Probably ... probably ... We need to remove this uncertainty about the
sender's intent.

Not at all. For our purposes (spf-discuss), the sender is either using
SPF or not. We have 2 identities that we can verify, and anything
beyond verifying those 2 identities with SPF is a concern for others.

A specification for a modification to SMTP that would allow the sender
to specify the protocol that the sender would like to be identified
by would be completely outside the scope of SPF, and I would consider
it a bad idea from the git-go.

 <snip>


OK, I think I see the problem.  I should not have used "ID", or anything
suggesting "identity" as the keyword.  That will immediately block
consideration by anyone who has strong beliefs about which identity a
sender should be using.  I need a more neutral term.
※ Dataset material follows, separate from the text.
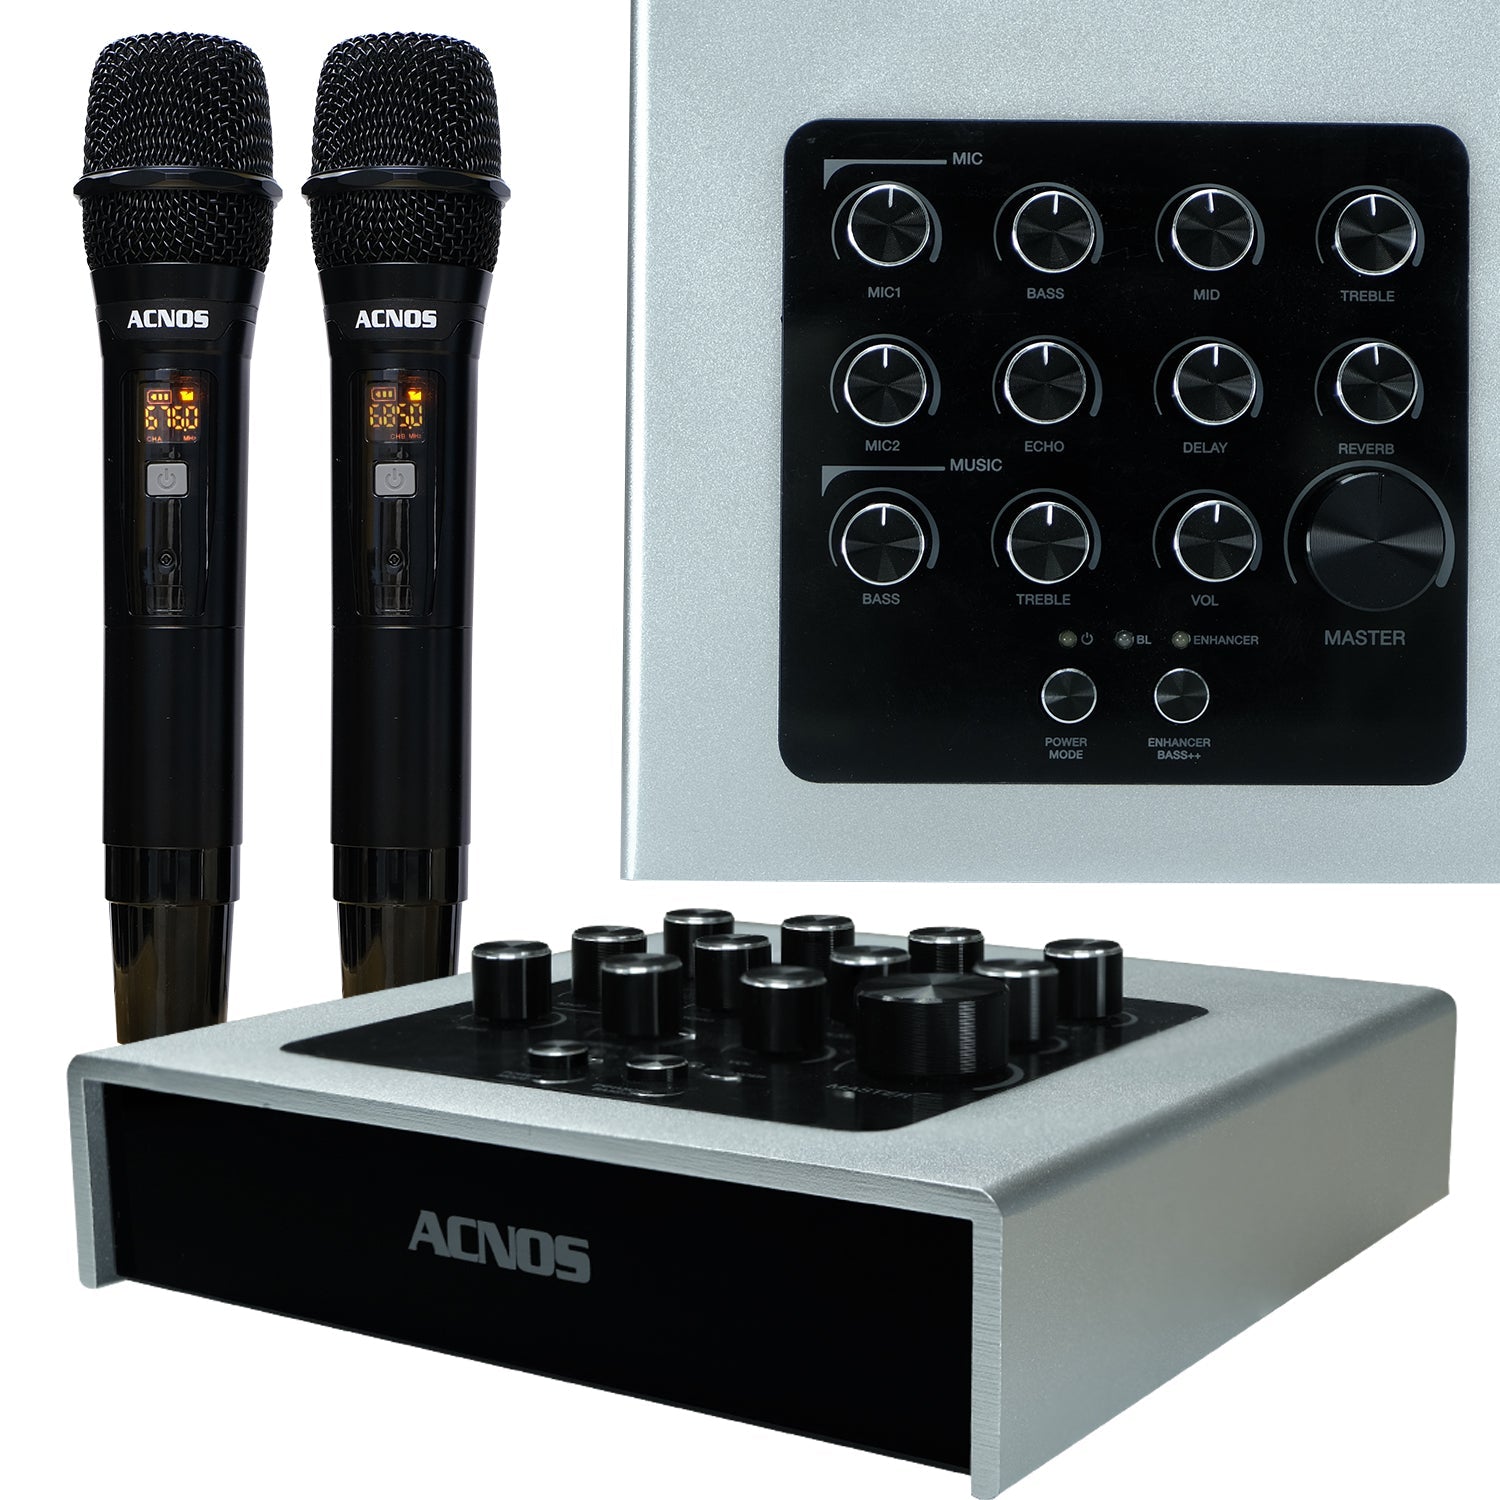 ACNOS Mi - 30u (Silver) Compact Portable Karaoke Enhancer Mixer + 2 UHF Wireless Microphones + Carry Bag - Karaoke Home Entertainment

Let's try this again.  We need some way to avoid the DNS hunt that
Daniel just described.  Here is the incoming message:

   EHLO  mailserver7.bigforwarder.com
   CLUE bigforwarder.com
   MAIL FROM:<bob-at-sales.some-company.com>

So, if someone at bigforwarder.com wants to forge e-mail from
sales.some-company.com, they just have to tell us to ignore the identity
for sales.some-company.com. I don't care how big the forwarder is, there
is always the possibility that they will be compromised. What you
propose is adding a loophole big enough to drive a planet through.

The only way around your loophole is to do exactly what it is you are
proposing it to avoid, which is check the available identities against
all available verification methods.

At this point, we have no idea what method will be used.  Without a
clue, we have no idea where to look for some possible authentication
records.  We need to do a DNS query to every possible location for those
records (mailserver7.bigforwarder.com,
bigforwarder.com, sales.some-company.com. some-company.com,
_client._smtp.mailserver7.bigforwarder.com, etc.) and we need to look
for records of type TXT, SRV, SPF, etc.)  This still doesn't cover the
identities found in the mail headers.  Even after all these queries, we
still can't conclude the search.  We need to transfer at least the
headers, look for DomainKeys, and maybe a few others, and the result of
all this effort may still be - no authentication found!  This entire
hunt will be repeated at every forwarder along the way.

With a clue, all we need is one query to _AUTH.bigforwarder.com.mail.net
(or some other neutral location).  The response to that one universal
query should be packed with useful information - ratings from reputation
services, list of authentication methods, even some parameters needed
for the authentication.

And here you make it even worse. A centralized validation authority?!
Who will pay for it? And who will trust it?